Sin embargo, el modelo, con una fuerza irresistible, generó una concentración económica y polarizó la sociedad con una brecha de desigualdad que arrasó con la clase media. La democracia empezó a mostrar baches en su capacidad de absorber los problemas, lo que unido a la tendencia patrimonialista de las elites en el manejo del poder, ha terminado por minar la democracia y desprestigiar la política.
Si esto no ha devenido en un problema crítico y de violencia social se debe en gran medida a la fragmentación y pérdida de cohesión de la sociedad, y a los traumas de la violencia dictatorial de las dictaduras de los años 80 del siglo pasado. Pero la violencia criminal que persiste en todos los países es grave para la ciudadanía y es una derivada bastarda de una situación que, perfectamente, puede terminar en un Estado génster.

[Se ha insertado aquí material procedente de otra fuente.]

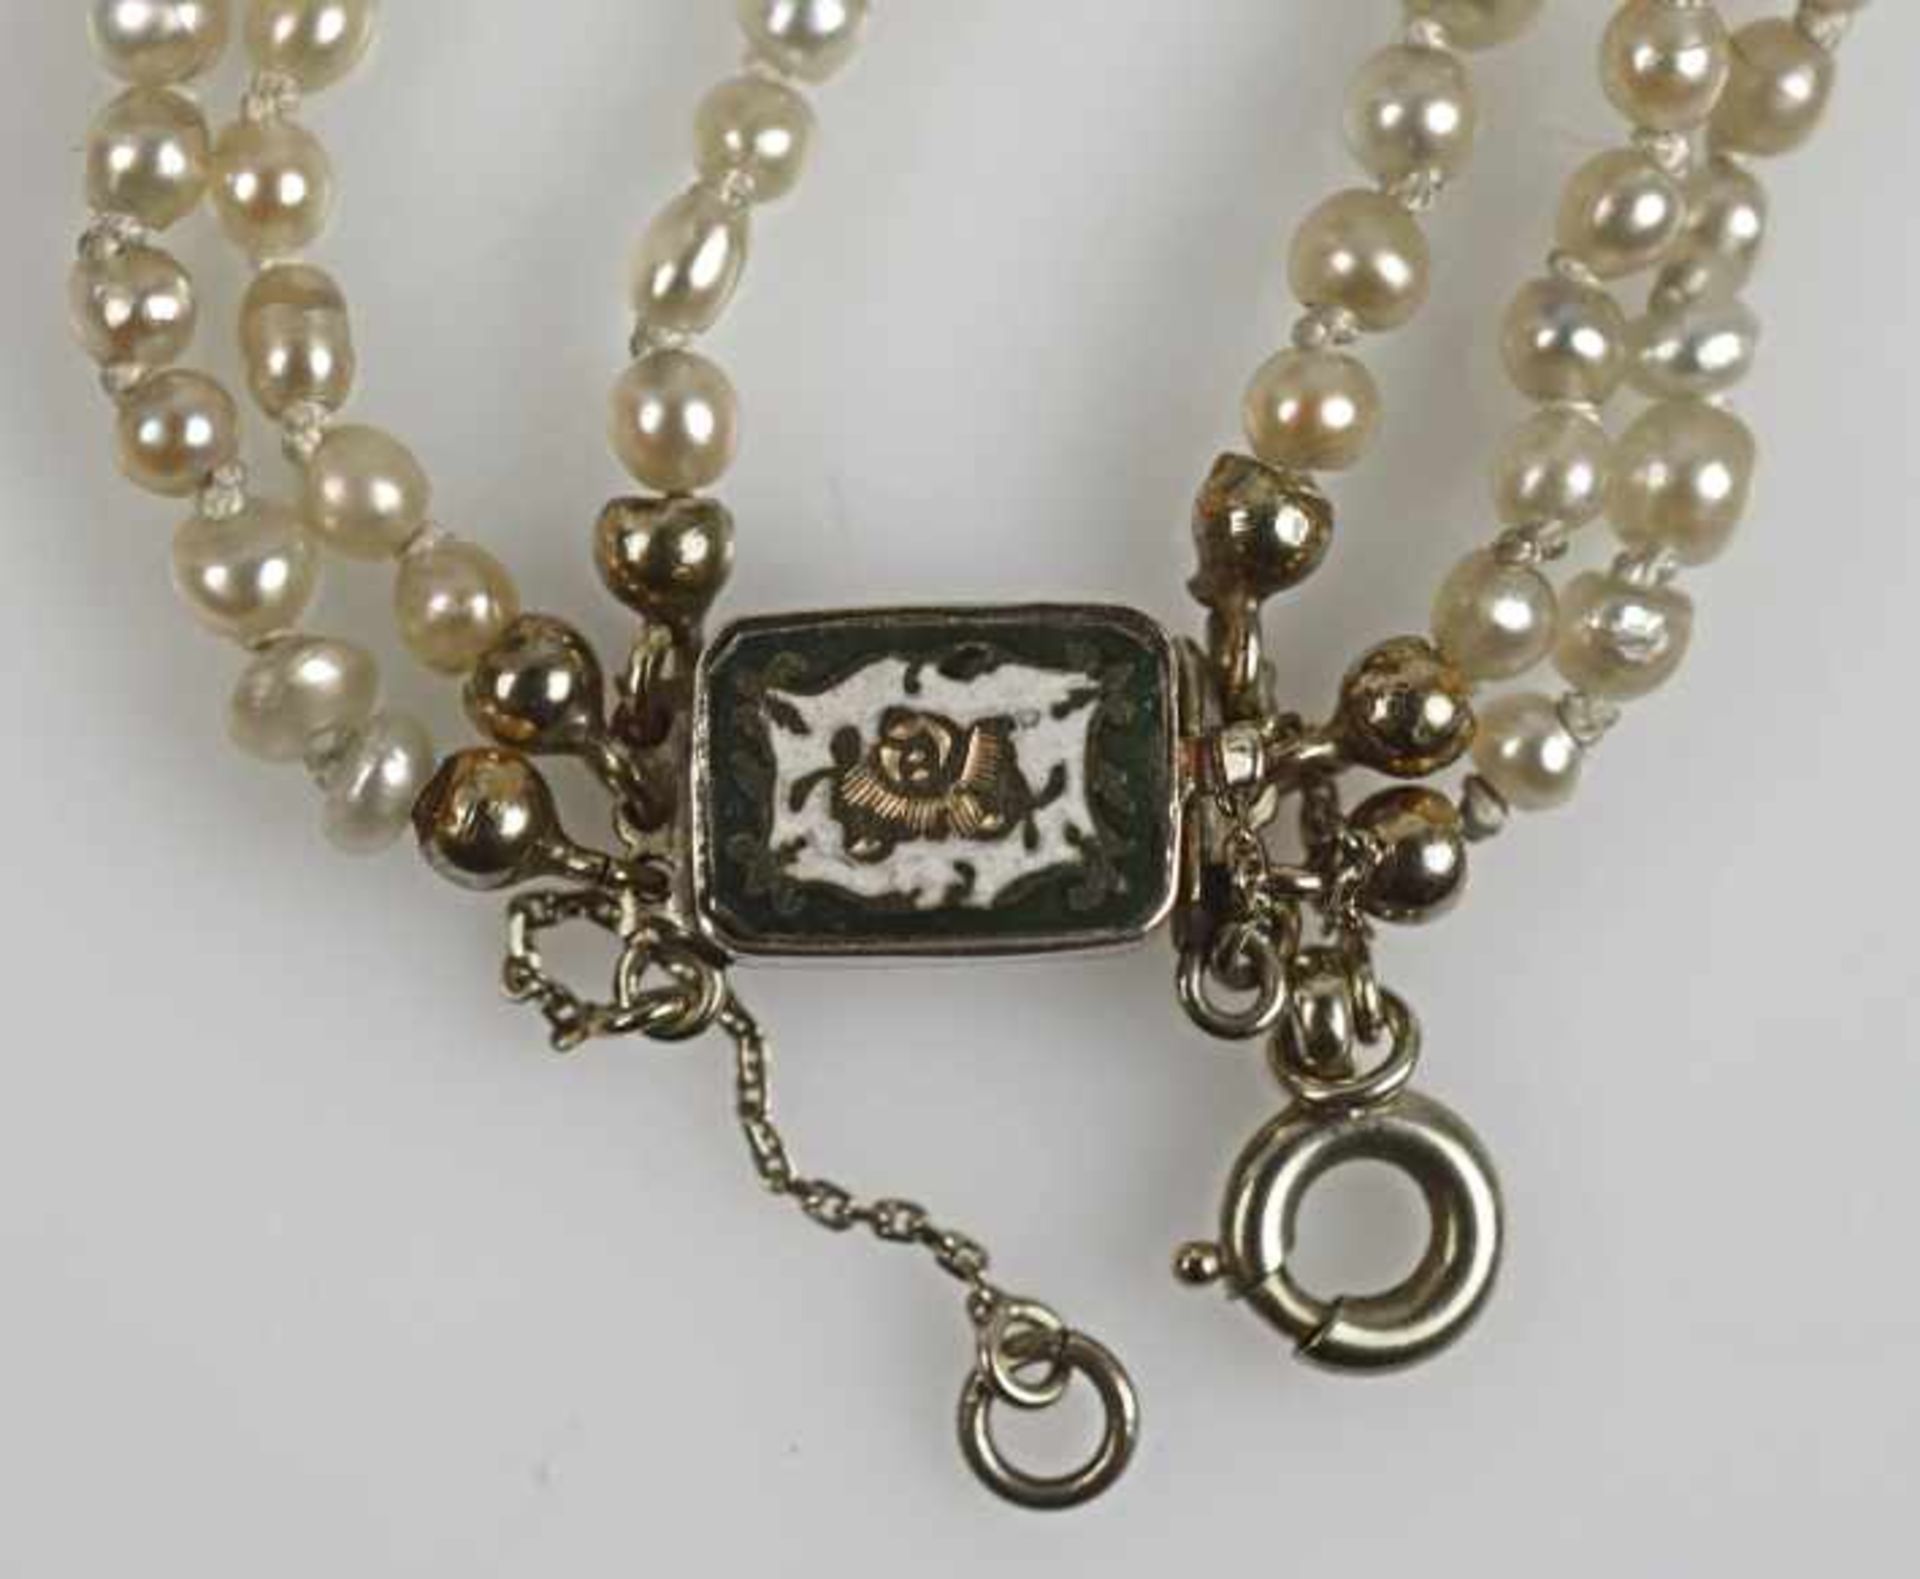 COLLIER Orientperlen in 3 Reihen, 2-4mm, gesamt um 350 Perlen, Kastenschloß mit Emaildekor und - Bild 3 aus 3

Tampoco se ha producido una revolución de pensamiento social que innove sobre las instituciones políticas o augure el ascenso de un nuevo príncipe democrático.
Los recientes resultados electorales de Venezuela y Argentina indican un péndulo desde la izquierda populista hacia la derecha liberal dentro de un curso institucional, pero que no es estable ni dinámico, y que depende de negociaciones continuas para mantenerse en equilibrio precario. No tiene derrotero estratégico y, terriblemente agotadoras y frustrantes, tales negociaciones muchas veces se escenifican con la utilización de los derechos políticos y sociales de la gente como rehenes de acuerdos que solo son un juego de suma cero para la democracia.
En la región también se producen visiones dominadas por la idea de una democracia autóctona, con ejercicio temporalmente ilimitado del poder como algo legítimo. Ello ocurre en Bolivia y Ecuador con mucha claridad, produciendo democracias de mayoría y plebiscitarias sin respeto de las minorías, cuya única aspiración es la reelección indefinida de presidencias populistas, manipuladoras y autoritarias.
En este escenario, la corrupción administrativa y política es un común denominador en la mayoría de los países de la región, con manifestaciones graves en Brasil, Chile y Perú, y aunque aún no llega a tumbar gobiernos –a excepción de Guatemala–, debilita instituciones y aporta al juego instrumental de la política. Peor aún, la conjunción entre dinero y política está en punto crítico, sobre todo por los circuitos de dineros sucios que infectan la vida pública.
Cuánto más se prolongará la anomia entre realidad y política en la región, no es posible predecirlo. Lo seguro es que a corto plazo el cambio mayoritario de orientación doctrinaria puede ser total. Lo que no significa que el sistema político se manifieste más estable sino al revés, y que el juego preferido de los políticos no sea la maniobra de crisis y las alianzas ocasionales para vencer opositores, sin noción clara del camino a seguir.
Castillos de modernidad y estepas de miseria, articuladas por poderes institucionales precarios y masas ciudadanas indiferentes entregadas al autogobierno de lo cotidiano, no parece ser una hipótesis absurda si no se produce una renovación de las elites. Si la sociedad no se pliega a una idea de país o de nación con destino común, y si las instituciones no acogen de modo igual la enorme variedad de expresiones y demandas de la sociedad plural del siglo XXI, parece inevitable la profecía de la Nueva Edad Feudal.
La única noticia buena, como dijo un embajador político perteneciente a la añeja Cancillería chilena, parece ser el proceso de diálogo de paz en Colombia, entre el gobierno y una guerrilla de más de cincuenta años de existencia. No es que Colombia no tenga los defectos de los otros países, pero al parecer al menos ha encontrado un claro de racionalidad interelites para interpretar su problema político más urgente: la paz.